I would like to talk about whether or not grades are a good thing in higher eduacation. For the record, I go to UC Santa Cruz, a school which currently runs on a pass/no record system with narrative evaluations and the option of grades. This system (very rare in a public university) has been under attack lately, much to my distress. It is not only that I feel that learning without grades is a better way, but I feel that people should at least have the option of a school that operates that way.
Here is why I think that a pass/no pass system with narrative evals is a superior system.
When you are in a graded system, the most important goal of the class is to earn a certain grade or percentage. You are striving to get an “A” or a “97%”. Actually learning something may be a bi-product of that, but it is not the focus. When grades are there, they are the end instead of the means. I believe that when you take away grades, the focus shifts to actually learning.
People say that not having grades allows people to slack off. I disagree. I think that not having grades leads people to seek a higher understanding. The threat of wasted time and money is enough of a threat to keep people from sliding the whole way through college. I work hard in school because I am there to learn, and I am spending a huge amount of money and a lot of my life to do that. Any slacking on my part comes with the consequence of wasteing that time and money and not learning. I don’t need the additional artificial threat of a low GPA or a big fat D to keep me on track.
But it is not all subjective fluffiness, either. The narrative evaluations I recieve are usually very detailed and very helpful.
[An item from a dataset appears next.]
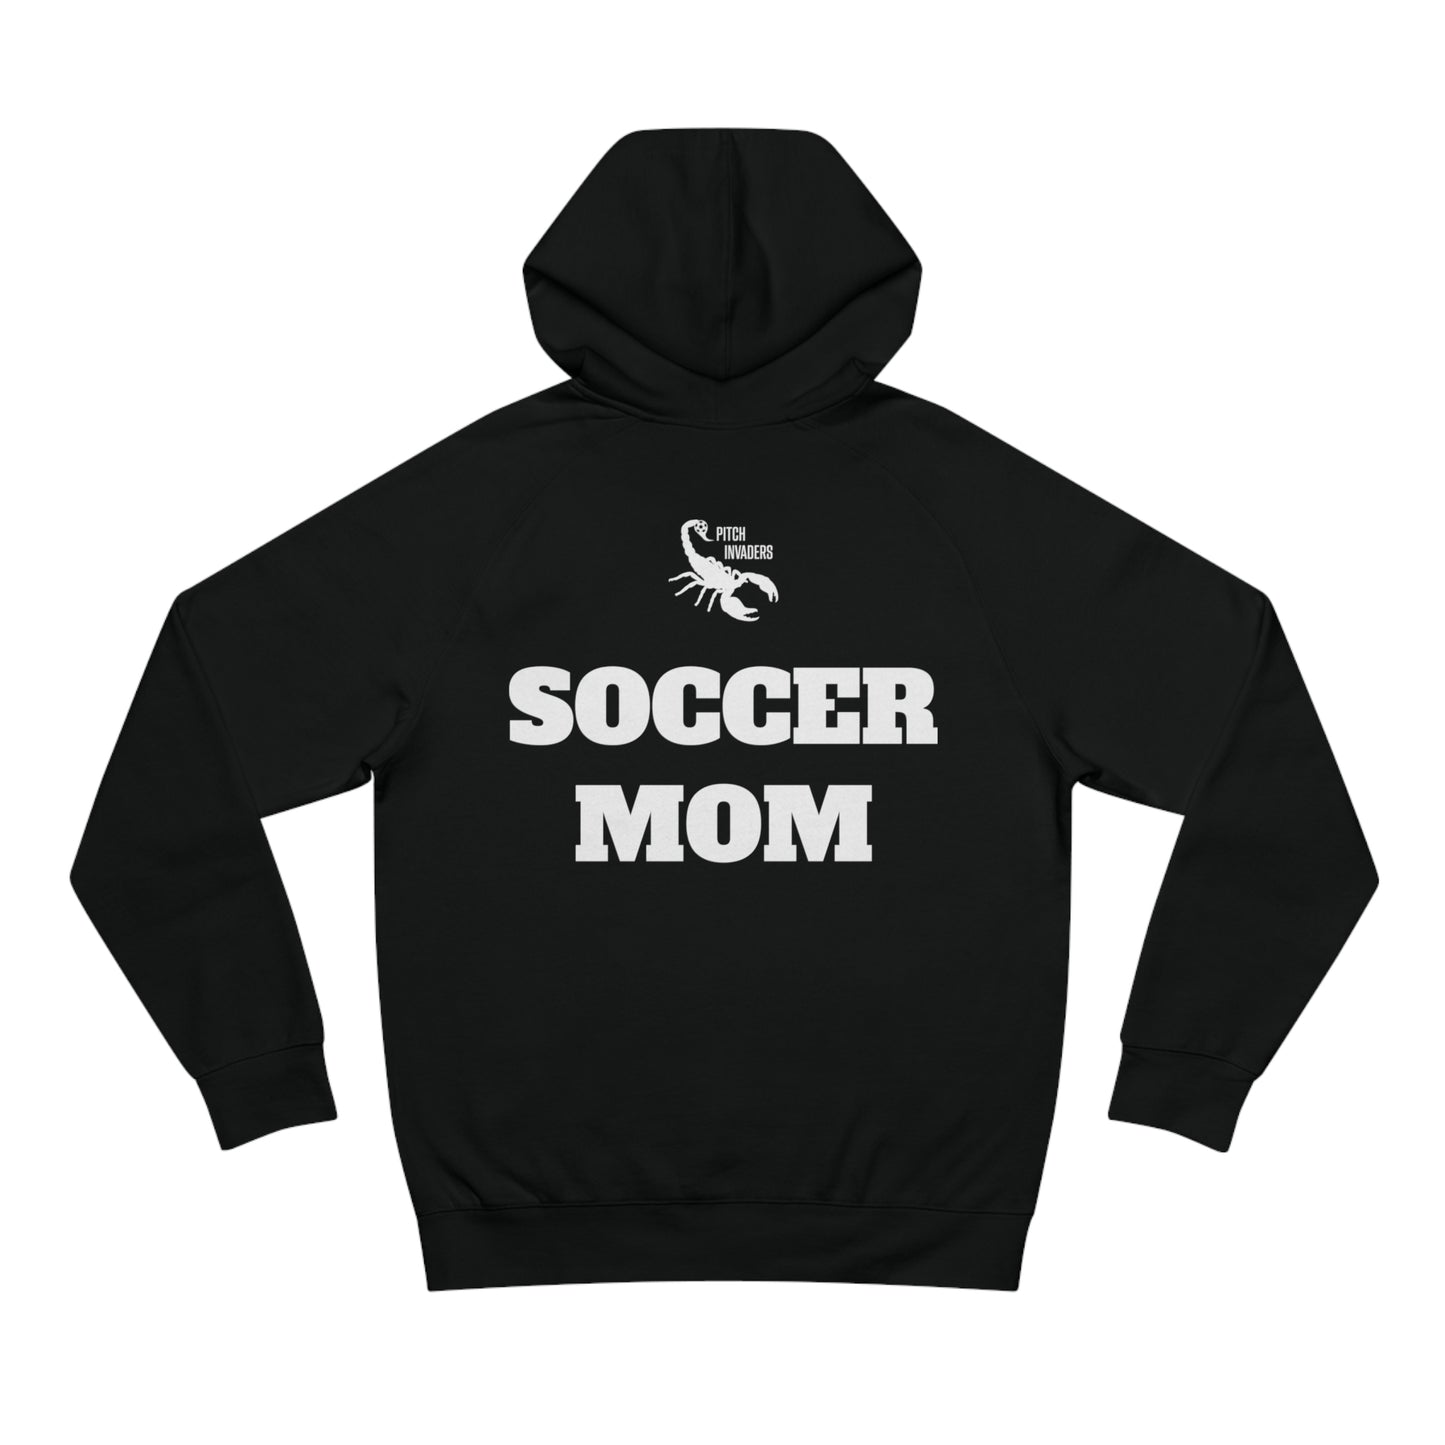 Soccer Parent Lifestyle SOCCER MOM Hoodie (Unisex)

They have helped me realize what I am strong in, and where I need more work. When people mess up, their evals show it. For example, an eval may say that your work was up to par, but did not show much origional thought. Or they may say that your tests did well, but your attendance was spotty. They also often mention what your papers and projects were about and what the class tried to focus on. This provides a far more complete picture of you than a GPA to anyone interested in how you spent your college years and what you learned. In essence, every eval read like a letter of recomendation, for better of for worse.
I acknowlage that some people cannot suceed without something to measure themselves against. There are some who cannot run a mile without a stopwatch, and some that cannot diet without a scale. For them, there is any number of schools that offer grades. For those of us that wish to be free of those artificial constructs which hold us back, there are evals.